List all possible combinations of enabled utilities with dependencies?

Question

I have a list of 23 utilities that can be in a state of either enabled or disabled. I've ordered them from 0-22.

Some of these utilities are dependent on others, meaning they cannot be enabled without one or multiple dependency utilities first being enabled. I've put the indices of each utility's dependencies in a list for each utility; for example, if utilities 0-1 had no dependencies, but utility 2 had dependencies on utilities 0 and 9, the full dependency list would look something like: [ [], [], [0, 9], ... ]

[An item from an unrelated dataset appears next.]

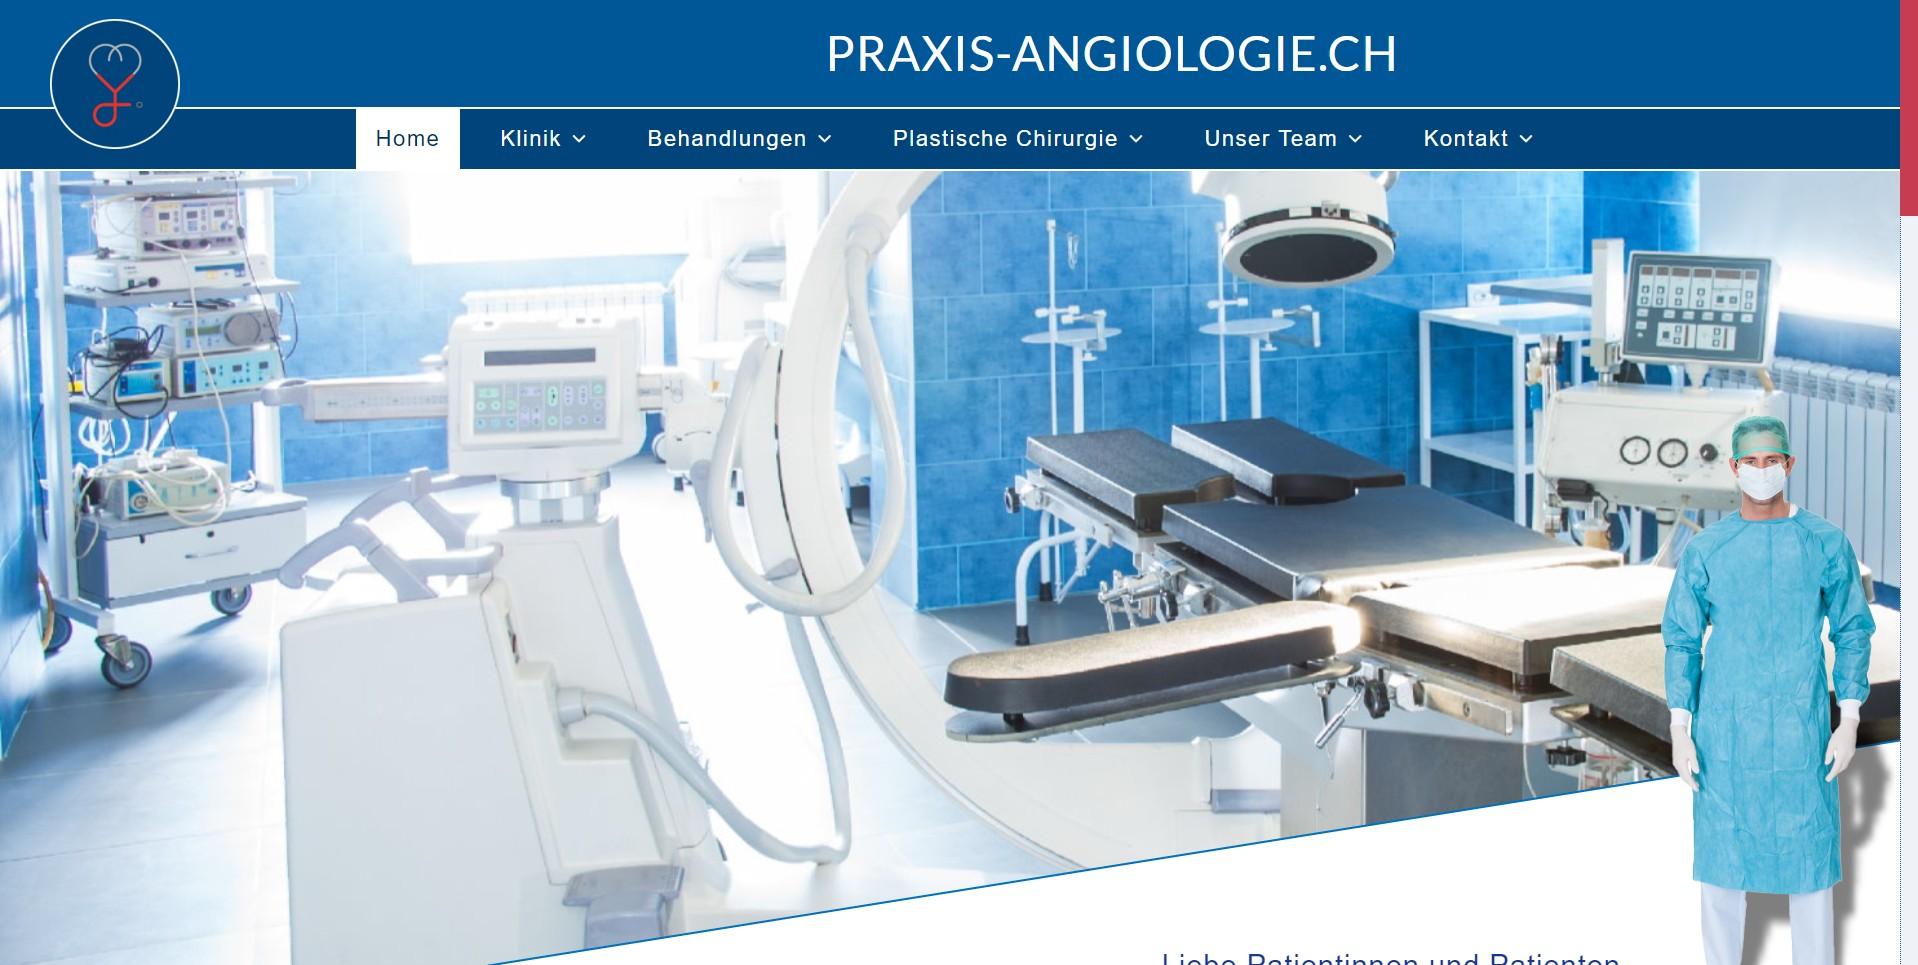 Praxis-Angiologie.ch

What I want to do is devise an algorithm (pseudocode is fine, implementation does not matter) for generating a list of all possible 23-bit bitvectors---each bit in each bitvector with an index that we could label 0-22 corresponding to a single utility, each bitvector itself representing a possible combination of the status of all 23 utilities---that ignores combinations where the dependency requirements provided by the dependency list (described above) would not be satisfied. For example (assume right-to-left numbering):

[
    [0, 0, 0, 0, 0, 0, 0, 0, 0, 0, 0, 0, 0, 0, 0, 0, 0, 0, 0, 0, 0, 0, 0 ],
    [0, 0, 0, 0, 0, 0, 0, 0, 0, 0, 0, 0, 0, 0, 0, 0, 0, 0, 0, 0, 0, 0, 1 ],
    [0, 0, 0, 0, 0, 0, 0, 0, 0, 0, 0, 0, 0, 0, 0, 0, 0, 0, 0, 0, 0, 1, 0 ],
    [0, 0, 0, 0, 0, 0, 0, 0, 0, 0, 0, 0, 0, 0, 0, 0, 0, 0, 0, 0, 0, 1, 1 ],
//skip[0, 0, 0, 0, 0, 0, 0, 0, 0, 0, 0, 0, 0, 0, 0, 0, 0, 0, 0, 0, 1, 0, 0 ] this would not be included (2 enabled, but 0 and/or 9 are not. See prev. example of dependency list)
    ...
    [1, 1, 1, 1, 1, 1, 1, 1, 1, 1, 1, 1, 1, 1, 1, 1, 1, 1, 1, 1, 1, 1, 1]
]

Answer 1

First step, get rid of all circular dependencies. If A depends on B depends on C depends on A, all will be on/off together. So we can transfer all dependencies to A, then fill B and C at the last step. This is a question of identifying all connected components in a graph, which we can use Kosaraju's algorithm for to do efficiently.

Second step, do a topological sort by dependencies of the remaining list. This will put the remaining utilities into a list where each only depends on ones you looked at before.

And now we can use recursion down that list. The first utility can be 0 or 1. Each subsequent utility is 0 only if some dependency is not satisfied, else it can be 0 or 1. And then for the ones eliminated due to being part of circular dependencies, fill them in with whatever value the one kept has.